Lighting May Seem Simple, But Let’s Start With the Basics
Lighting control can personalize a space and help create just the right mood or ambience for any activity. A homeowner might want dim lighting for hosting a party or watching a movie, a brighter light for making dinner or reading the newspaper. Lighting control also allows a homeowner to highlight artwork, architectural details, collections or specific pieces of furniture.
The lighting control industry is constantly evolving, with new products and solutions regularly becoming available to meet customer needs. So where is lighting going right now?
The phase-out of standard incandescent lamps in many parts of the world, coupled with a focus on saving energy, is driving the popularity of LEDs for the home. Though LEDs still cost more than halogen lamps or CFLs, their cost is coming down. LEDs are versatile, last a long time (making them ideal for hard-to-reach places, since a homeowner won’t have to change them very often), and use little energy. Plus, many brands of LEDs are also dimmable.
Lighting has always been a subsystem that lends itself to integration. Lighting control systems can easily be interfaced with whole-house control and automation, creating even more ease of use for the homeowner. Today’s trend toward network-enabled devices and network-based control make integration easier than ever.
Lighting control apps for mobile devices are another emerging trend. Most apps are available for free, and when downloaded to a mobile device provide a homeowner with yet another level of convenience for controlling lights (and other devices integrated with his lighting control system). Being able to control lights while away from home gives a homeowner an added security feature.
Since some of you may not have any experience in lighting, perhaps we should back up to some of the basics, like types of lamps. In industry terms, a light bulb is called a lamp. The following are some of the types of lamps used in residential lighting.
Incandescent: Incandescent lamps come in a variety of wattages, shapes, sizes and colors, and historically have been the most common type of lamp used in homes. They are basically the same technology as the original electric light bulb. These lamps are relatively inexpensive and work well with dimmers, but are not very energy efficient. Under the Energy Independence and Security Act of 2007, 40, 60, 75, and 100 watt incandescent will no longer be manufactured in the U.S. These are being phased out in favor of new lamps that will use fewer watts and less energy (such as LEDs).

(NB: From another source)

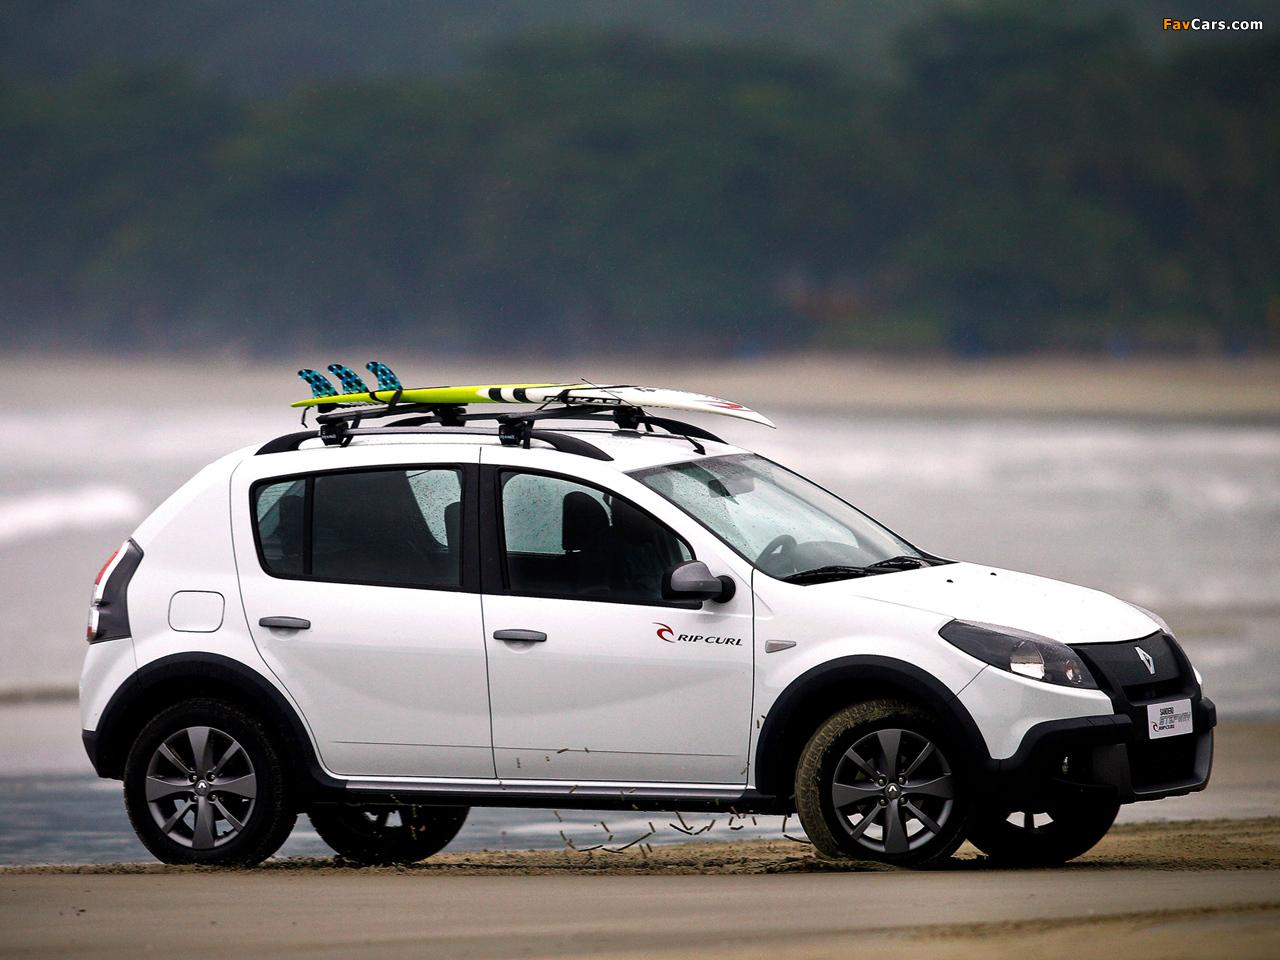 Renault Sandero Stepway Rip Curl 2012 images (1280 x 960)

Halogen: Halogen lamps are an improved version of incandescent technology. These lamps produce a bright, warm light, and last longer and are more energy efficient than incandescent lamps. They also work well with dimmers.
Light Emitting Diode (LED): LEDs differ quite a bit from traditional incandescent lamps in that they lack a glass bulb or tungsten filament. Instead, an LED is comprised of a chemical chip embedded in a clear plastic capsule. LEDs are the most energy efficient light sources available, and they last a long time (they’re generally rated for over 50,000 hours of lamp life). Dimmable LEDs are available, but need to be used with a compatible dimmer for the best dimming results.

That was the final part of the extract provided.